The biggest players in this business are companies that are just now starting to be heard from internationally: Yadea and Shinri build millions of ebikes. Giant, Fairly / Wettsen, Ideal, Active, Ace Trikes, Dumar are builders of hundreds of thousands of Western branded ebikes. 8Fun is the maker of hundreds of thousands of high quality motors. Nanjing Lishui Electronics is a company no one knows, but they make the motor controllers for millions of ebikes. Phylion Battery Company in Suzhou, China sells hundreds of thousands of Lithium Manganese bicycle battery packs.
This large volume of sophisticated components and vehicles is creating economies of scale for larger vehicles like motorcycles and motor scooters. Already a vigorous business in China, just now experiencing the convergence of cost and capability that occurred for electric bikes 15 years ago.
The vigor and excitement of this industry is hard to describe with words. But the shows that attract tens of thousands of dealers in Asia, and Europe, give a glimpse of the early days of a whole new industry as it climbs into prominence. The river of electric bicycles on Chinese streets, and the large numbers on Dutch bicycle paths help as well.

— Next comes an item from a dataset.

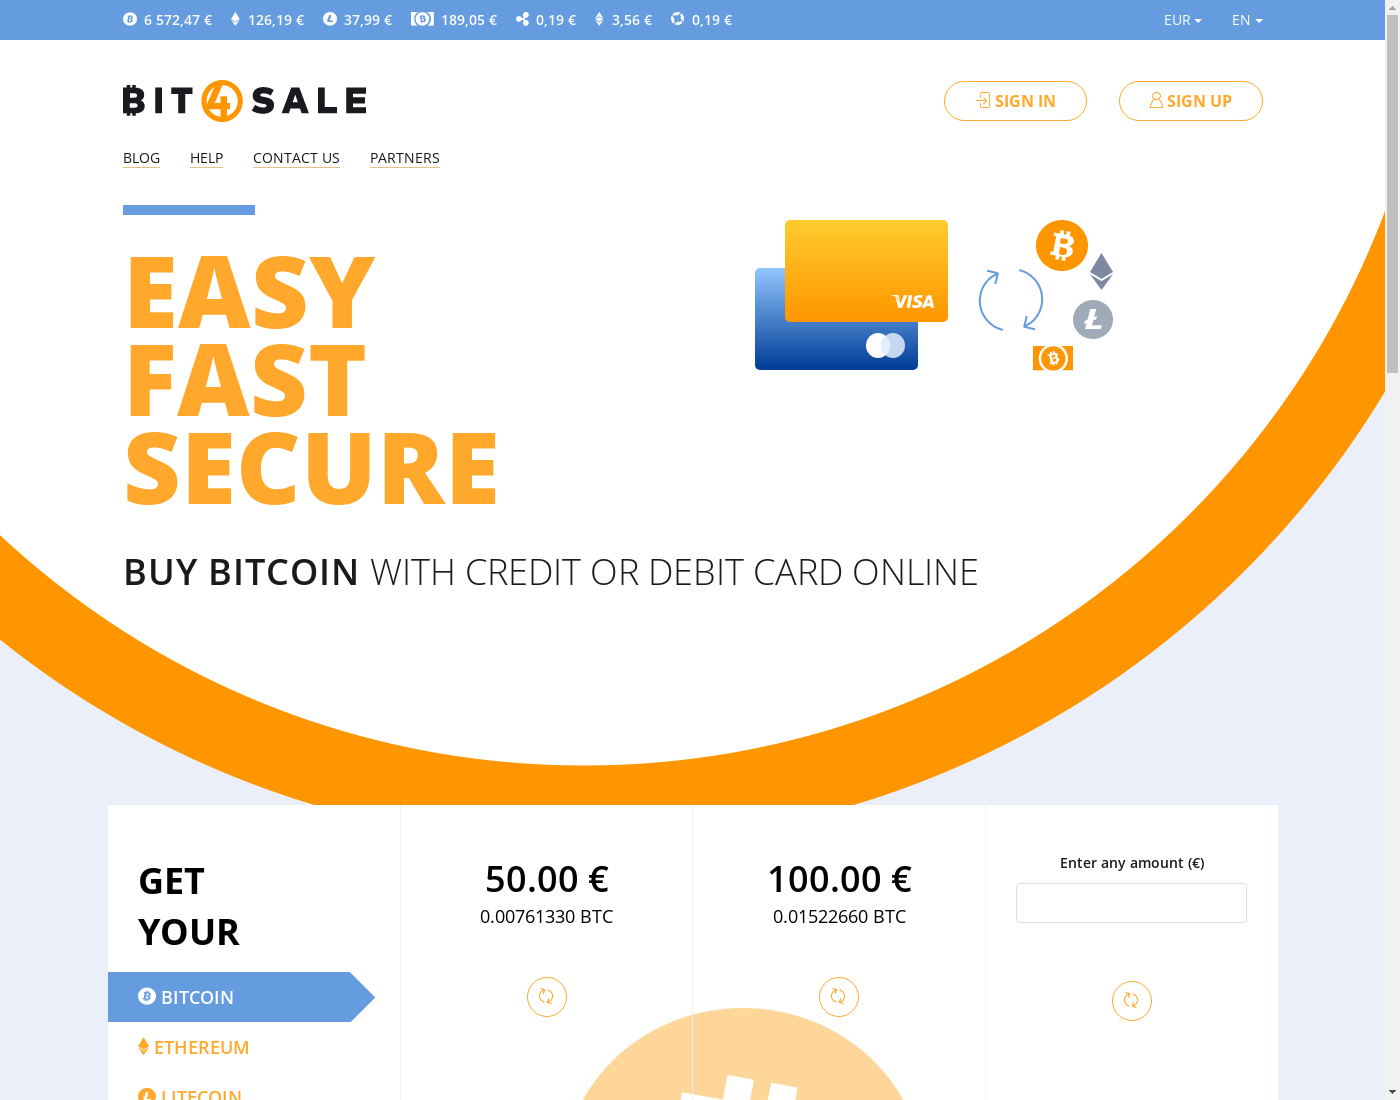 Bit4Sale user interface: the home page in English

This industry has relied on bicycle trade journals, with Bike Europe leading the way, followed by the EBB (Electric Bicycle Business) in Chinese and the CBA trade publications. The LEVA now has a regular news letter, and the bi annual EBWR (Electric Bicycles World Wide Reports) documents the rise and players in the industry.
Now the industry has several industry groups: World wide: Light Electric Vehicle Association, based in Maine, USA, In China the dominant group is the China Bicycle Association, and a new group serves the UK.
For the readers of this article, it is not news that increasing urbanization, traffic congestion, parking congestion, and resource limitations mean that more humans will move on two wheels, world wide, than on four. But for North Americans, that is not yet a visceral experience the way it is for most humans world wide.
Our future is a mixture of transportation devices: First kilometer solutions like feet, bicycles, and electric bicycles. Metros and trains. Longer range electric motorcycles and scooters. Electric and hybrid cars, trucks and buses. And as we all know this is not technically, socially or politically simple.
Today’s electric bikes are affordable, reliable, and practical – creating a good and educational precedent for larger vehicles of the future.
As an unflagging cheerleader for electric bikes world wide, I am professionally optimistic. But this is a very easy thing to do, as this is a happy time for the electric bike industry, and the future is brilliant.